Мари следила за временем. Каждые пять минут взглядывала на часы, часы содрогались, и содрогалось время, а пять пальцев превращались в пятнадцать — колыхаясь и вновь преобразуясь в пять. Дрожь не утихала. Мари попросила воды. Она не находила себе места в постели. За окном дул ветер, скособочивая фонари и расплескивая брызги иллюминации; они исподтишка наносили зданиям боковые удары — и тогда окна загорались, будто широко распахнутые глаза, которые тут же закрывались, если свет устремлялся в другом направлении.
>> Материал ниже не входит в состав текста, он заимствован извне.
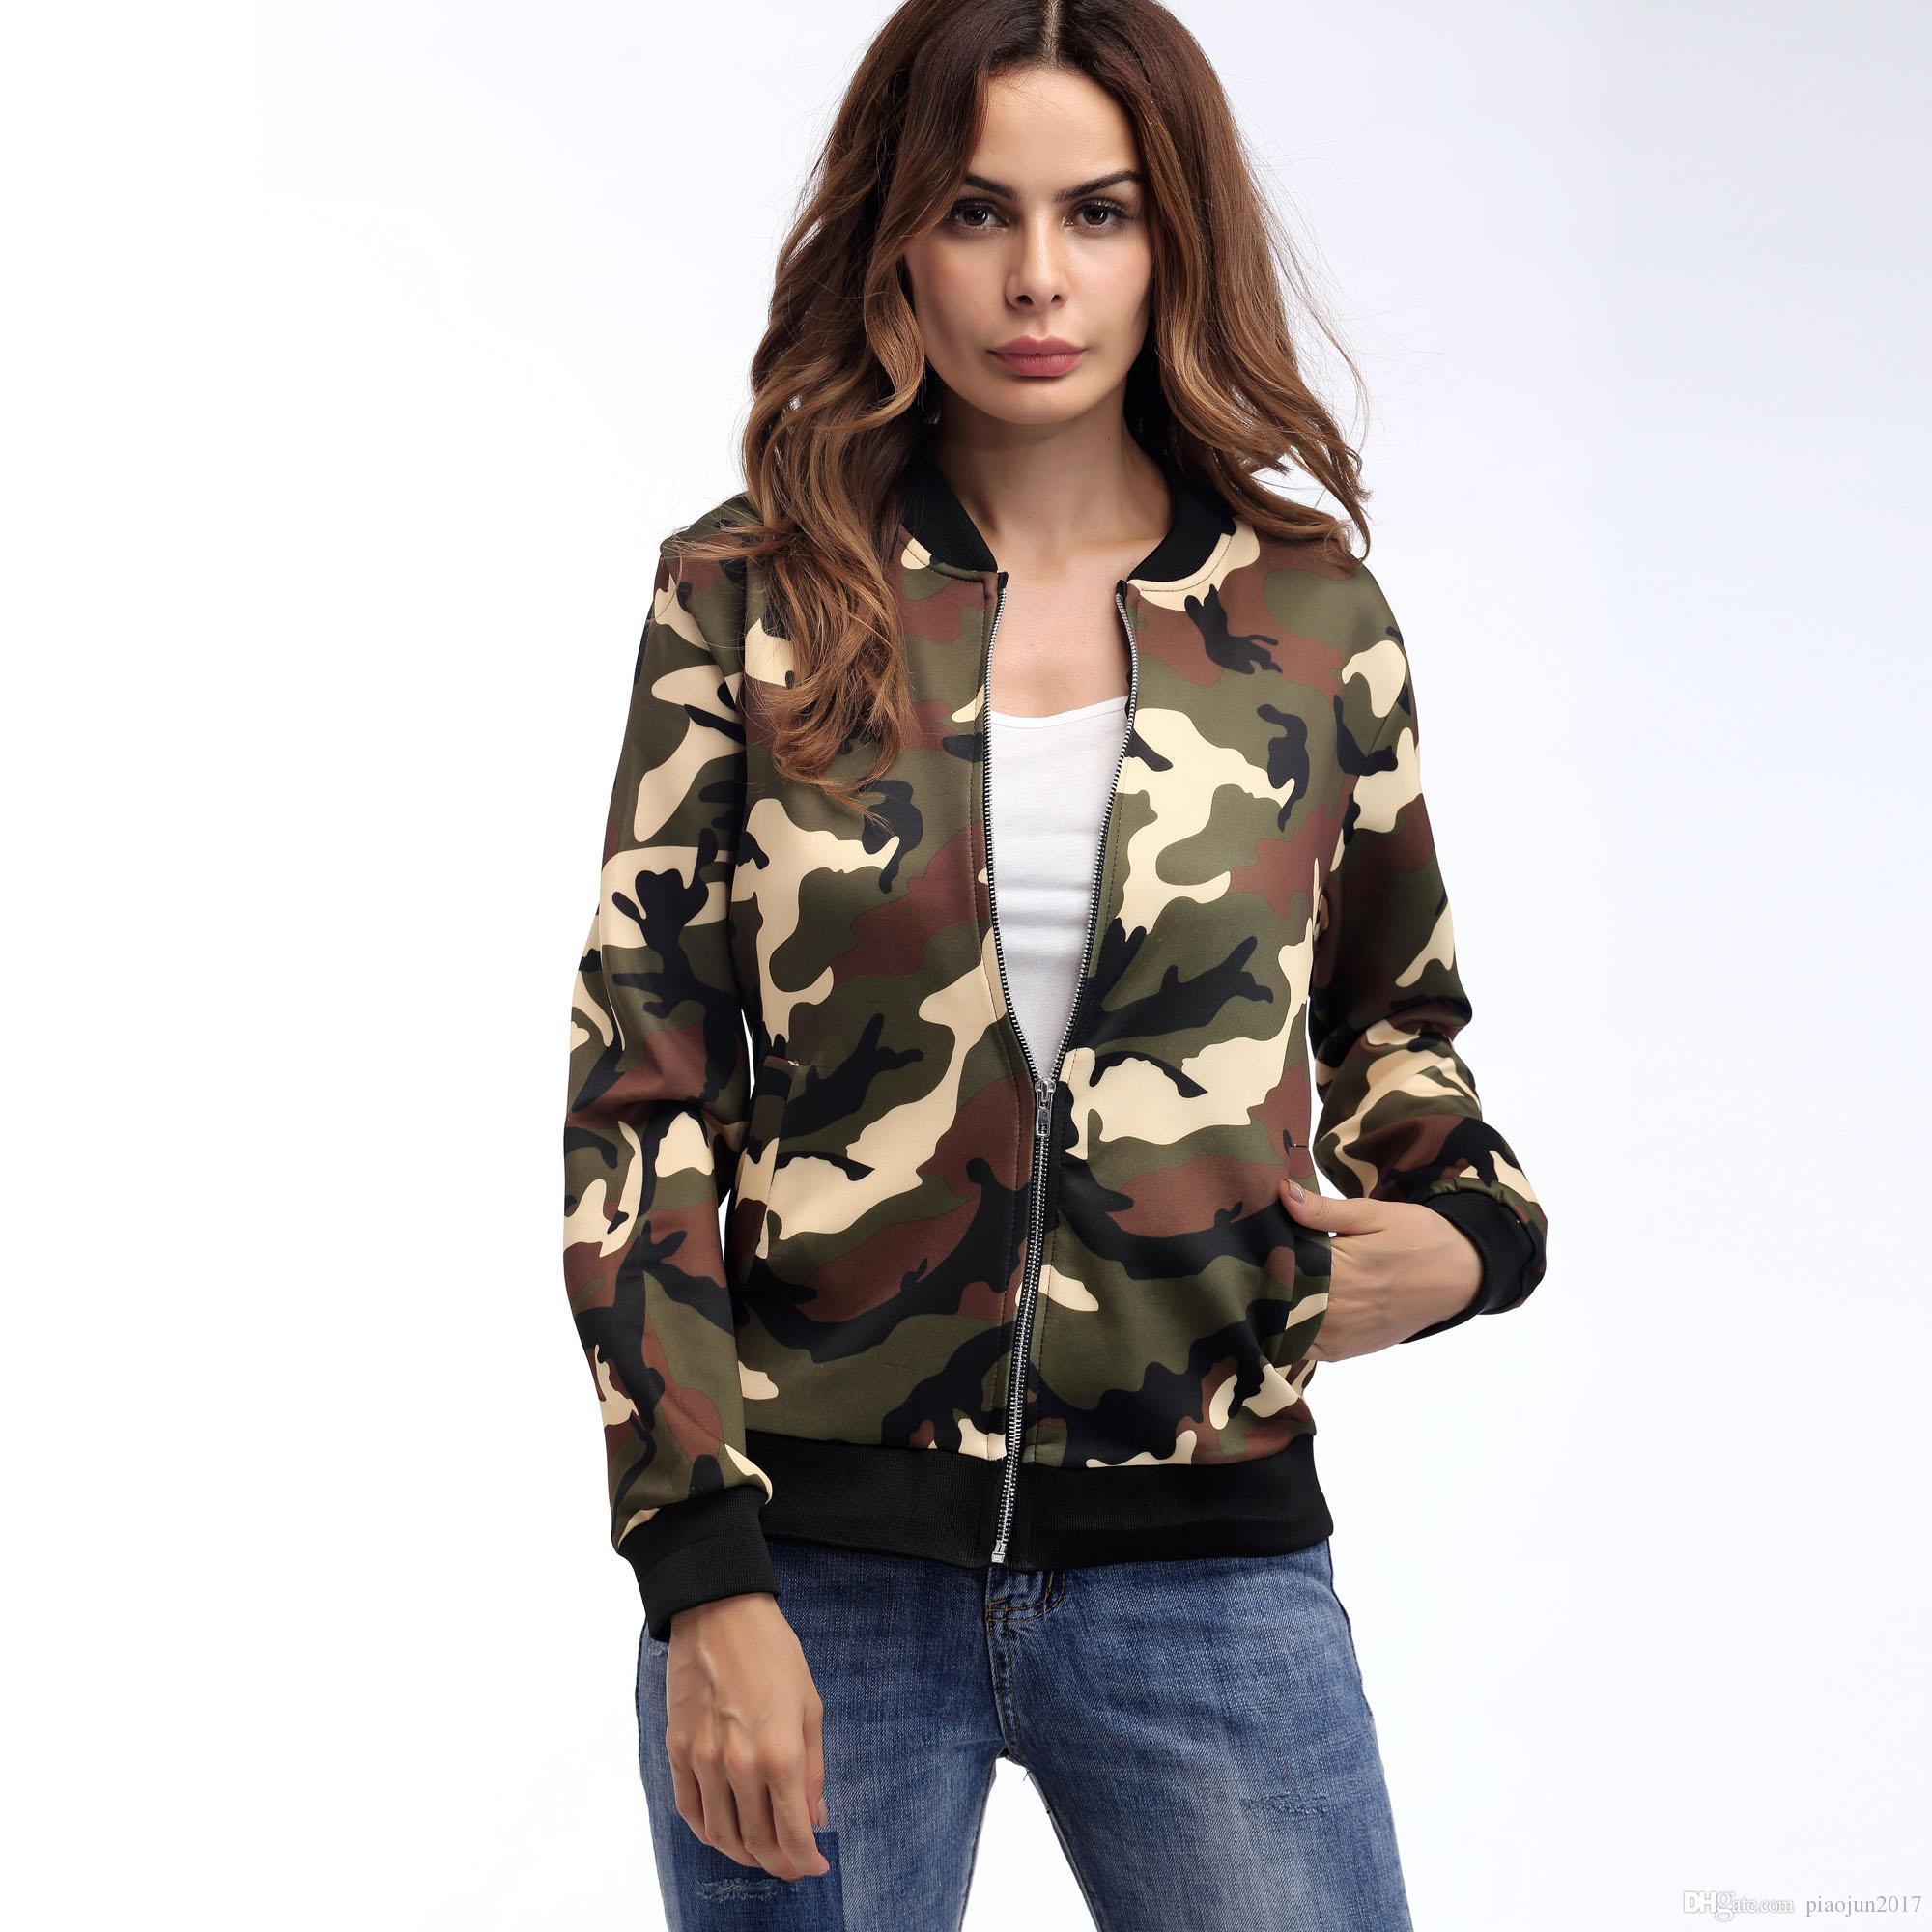 2 Grau Neue Jacke Stil Camouflage Europäischen Runder Bequemen Kragen Modischen Mantel Farben Von Mode Grün Großhandel Damen lJc5u3KTF1

На нижнем этаже гостиницы после ужина стояла тишина, в их безмолвный номер не проникали никакие звуки.
Джозеф подал Мари стакан воды.
— У меня бледное лицо, Джозеф, — сказала Мари, зарывшись в складки одеяла.
— Нормальное, — ответил он.
— Нет, не нормальное. Я плохо себя чувствую. И мне страшно.
— Бояться нечего.
— Я хочу поехать в Штаты поездом.
— Поезд идет из Леона, а здесь железной дороги нет, — ответил Джозеф, закуривая очередную сигарету.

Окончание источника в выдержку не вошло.